Con vero piacere riporto qui le recensioni che giungono in redazione, con relativo link di segnalazione, a proposito del libro "Il Pentagramma. Simbologia e utilizzo nei millenni" di Monica Casalini. Un vero successo, a quanto pare.
E ricordiamo a tutti i due appuntamenti dell'autrice:
Giovedì 7 febbraio alle ore 21.45 - l'intervista in diretta su Keltoi Radio.
Sabato 16 febbraio alle 18.30 - la presentazione ufficiale del libro in occasione del Witches Café presso il Tempio d'Oro di Milano, in via delle Leghe 23.


Ed ecco le recesioni.

Un piacevolissimo libro nel quale ripercorrere la storia e l'evoluzione di questo Simbolo di cui spesso si parla ancora a sproposito anche in ambienti dotti. il Pentagramma è soprattutto una cosa: onnipresente. Sembra una battuta ma davvero queste cinque punte (o chiavi, pentacolo...) sono state riprodotte, segnate e utilizzate ovunque e sempre, per Magia, Religione, osservazione astronomica..
Monica Casalini è brava a non dimenticare nulla e a mostrarci il Pentagramma dall'Egitto a Eliphas Levi e poi la Golden Dawn, gli Ebrei, gli Indù e poi una chicca: alcuni riti propri della Golden Dawn, un mantra di bando con uno Yantra indù, la Stella nell'architettura e infine il mondo di oggi dove dietro a mode e tatuaggi si nasconde il nostro Pentagramma.
Piacevolissimo e utile.
Monica Casalini racconta in un breve saggio la storia del pentagramma, attraverso i secoli.  Dalle origini ai giorni nostri questo simbolo, da sempre carico di potere, ha assunto diversi significati, positivi e negativi. Ogni popolo che lo ha incontrato l’ha rappresentato in maniera personale, attribuendo un significato non sempre univoco. L’autrice si impegna a farci comprendere come un simbolo così benefico sia stato frainteso e abbia assunto un’accezione fin troppo negativa. La nostra società è solita riconoscere il pentacolo come rappresentazione del male, una stella a cinque punte legata al satanismo e al culto del diavolo.   In questo saggio i riferimenti storici, i documenti e le immagini ci insegnano la vera natura di questo splendido simbolo che rappresenta in realtà i cinque elementi e il legame con la Madre Terra.
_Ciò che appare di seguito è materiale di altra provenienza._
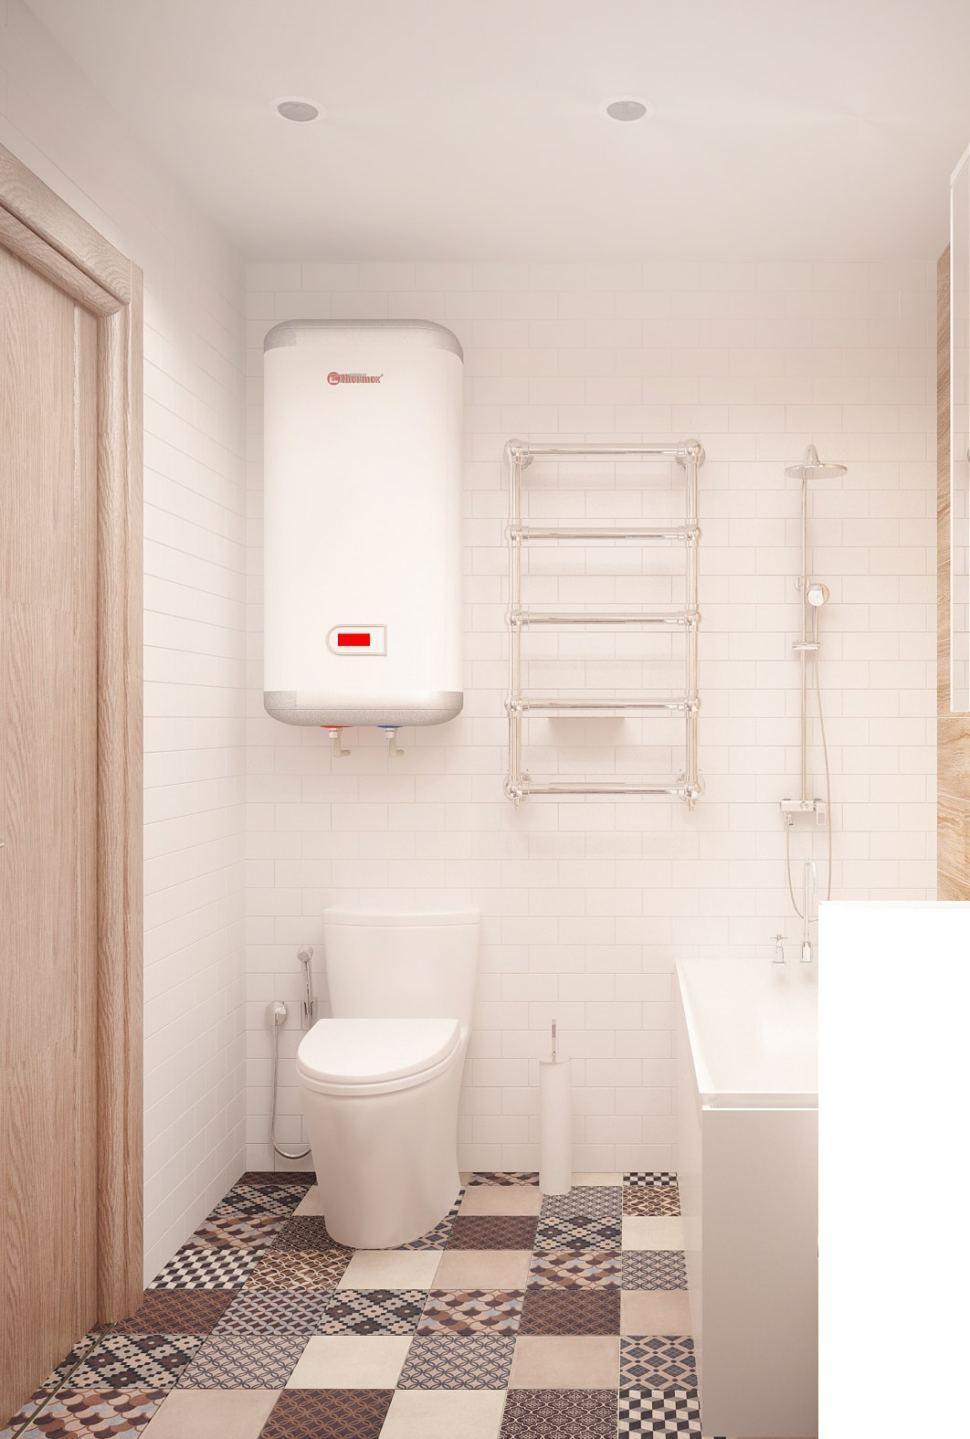 Дизайн-проект ванной комнаты 3 кв.м в бежевых оттенках, керамическая плитка, орнамент, полотенцесушитель, смеситель, стиральная машина, бойлер

Il Pentagramma è un archetipo, da sempre presente nella mente umana, al punto da non poterne stabilire una “data di nascita”, ogni civiltà che sia comparsa sulla terra lo ha riconosciuto e inserito nella propria cultura. Simbolo di conoscenza è presente in molte opere d’arte, nell’architettura di tutti i tempi, in natura,l’onnipresenza sembra essere una delle sue caratteristiche principali.  Esso è onnipresente tutt’oggi ed è riconducibile alla Wicca, corrente neo-pagana che lo ha adottato come simbolo identificativo. Le Streghe ne hanno saputo riconoscere il potere benefico e la natura positiva, utilizzandolo nei rituali e come simbolo di protezione. Monica Casalini ha saputo in poche pagine ricostruire una storia che va al di là del tempo, arricchendola di immagini esplicative che aiutano a comprendere come spesso l’ignoranza porti a giudicare in maniera sbagliata. Ciò che non si conosce fa paura, questo saggio apre una porta su un mondo infinito e sconosciuto che è tutt’altro che malefico.
Semplice e scorrevole, interessante e illuminante “Il Pentagramma” è un ottimo trattato storico-antropologico per gli appassionati di esoterismo, neopaganesimo e, perché no, per chi vuole avvicinarsi a questa cultura ma ne è spaventato. Se così fosse, cambierete idea!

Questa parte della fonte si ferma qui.